Work task:
Return, with both end lines included, exactly what the data below holds from the line with "Fotografia. Grupo de" through the line with "Foto: El trasvase", though not the pictures.

Records shown:
- Opening Delimiter -

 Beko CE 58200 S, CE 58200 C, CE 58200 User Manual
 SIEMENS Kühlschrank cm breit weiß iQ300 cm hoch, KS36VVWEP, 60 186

- Closing Delimiter -
- Opening Delimiter -

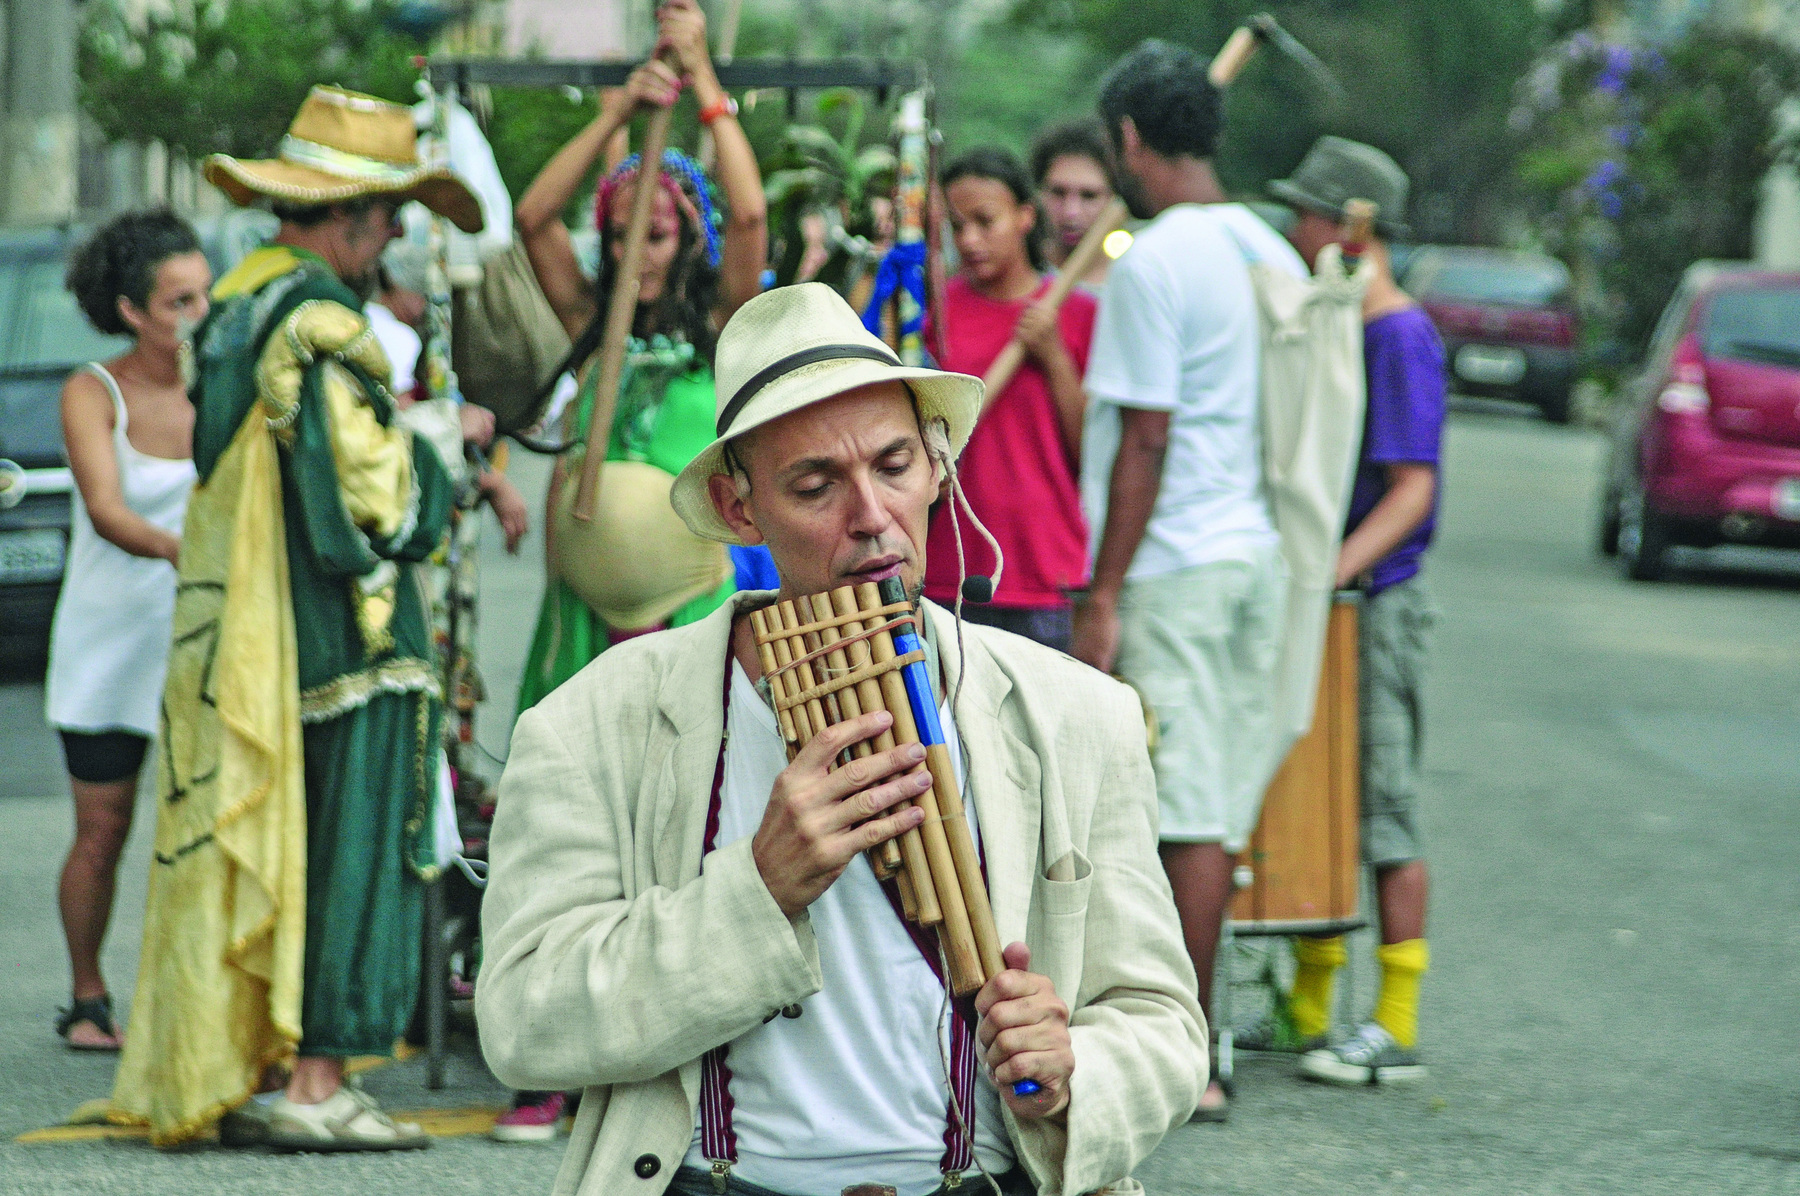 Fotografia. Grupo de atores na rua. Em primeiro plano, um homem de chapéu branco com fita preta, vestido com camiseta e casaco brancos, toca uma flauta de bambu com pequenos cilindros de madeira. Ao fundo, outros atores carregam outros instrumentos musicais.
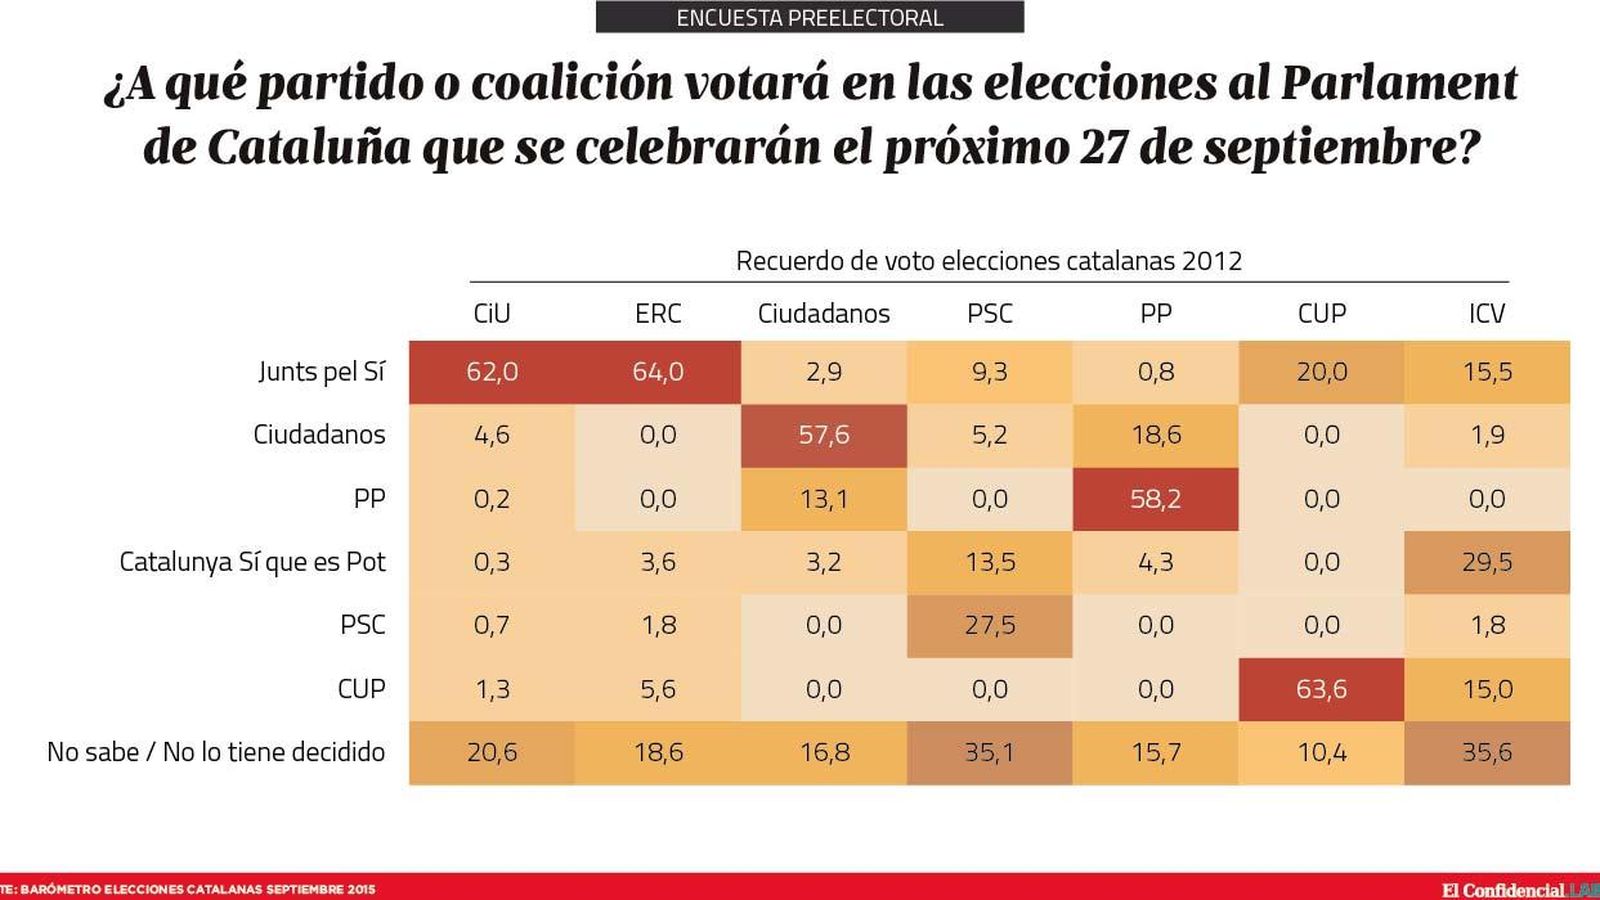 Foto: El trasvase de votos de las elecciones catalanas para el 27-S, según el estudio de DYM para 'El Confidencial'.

- Closing Delimiter -
- Opening Delimiter -

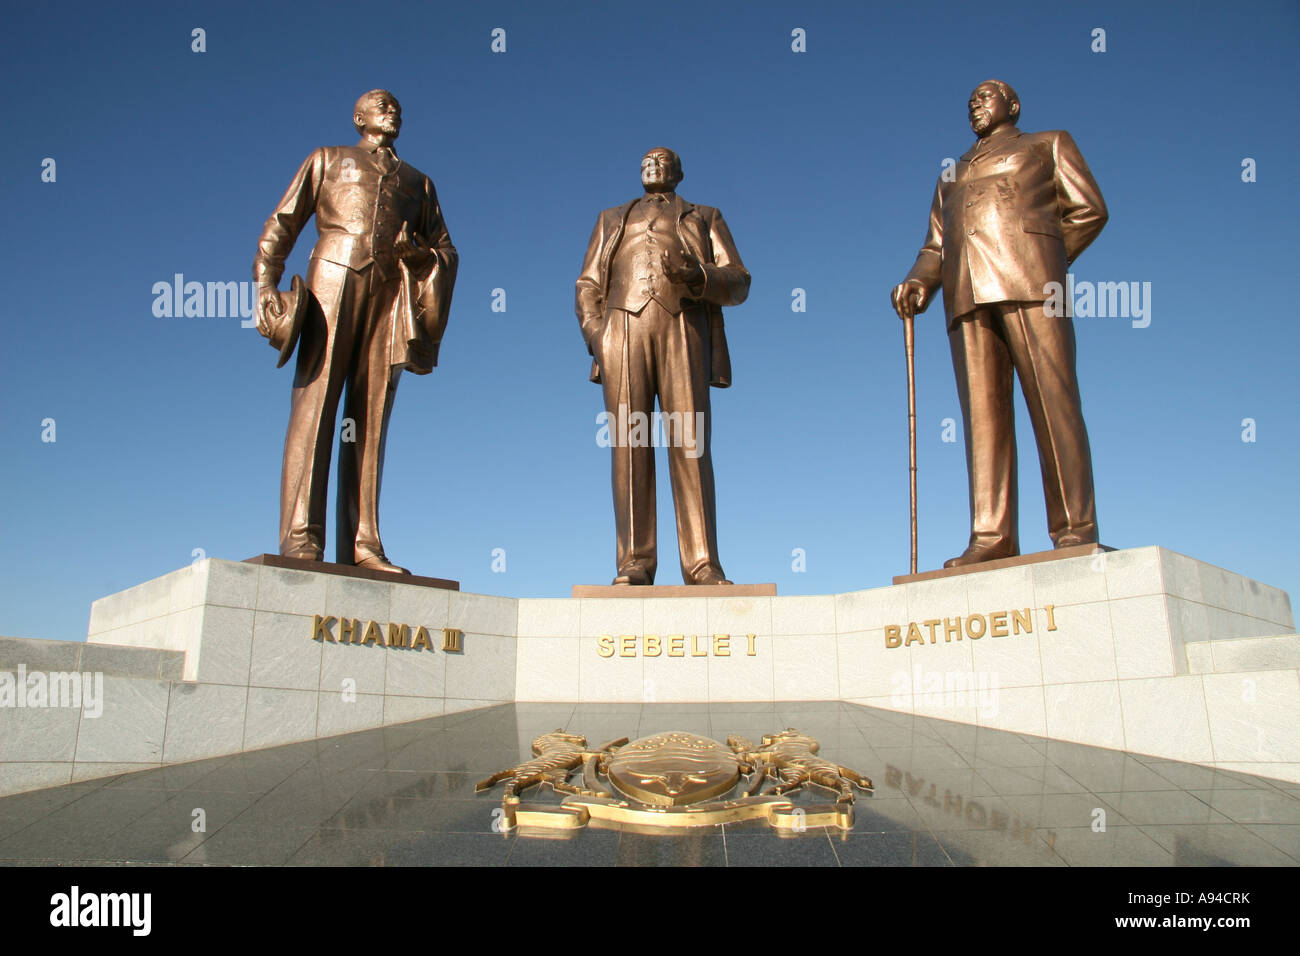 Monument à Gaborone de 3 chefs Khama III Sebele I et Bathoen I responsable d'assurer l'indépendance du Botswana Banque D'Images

- Closing Delimiter -

Solved problem:
 Fotografia. Grupo de atores na rua. Em primeiro plano, um homem de chapéu branco com fita preta, vestido com camiseta e casaco brancos, toca uma flauta de bambu com pequenos cilindros de madeira. Ao fundo, outros atores carregam outros instrumentos musicais.
 Foto: El trasvase de votos de las elecciones catalanas para el 27-S, según el estudio de DYM para 'El Confidencial'.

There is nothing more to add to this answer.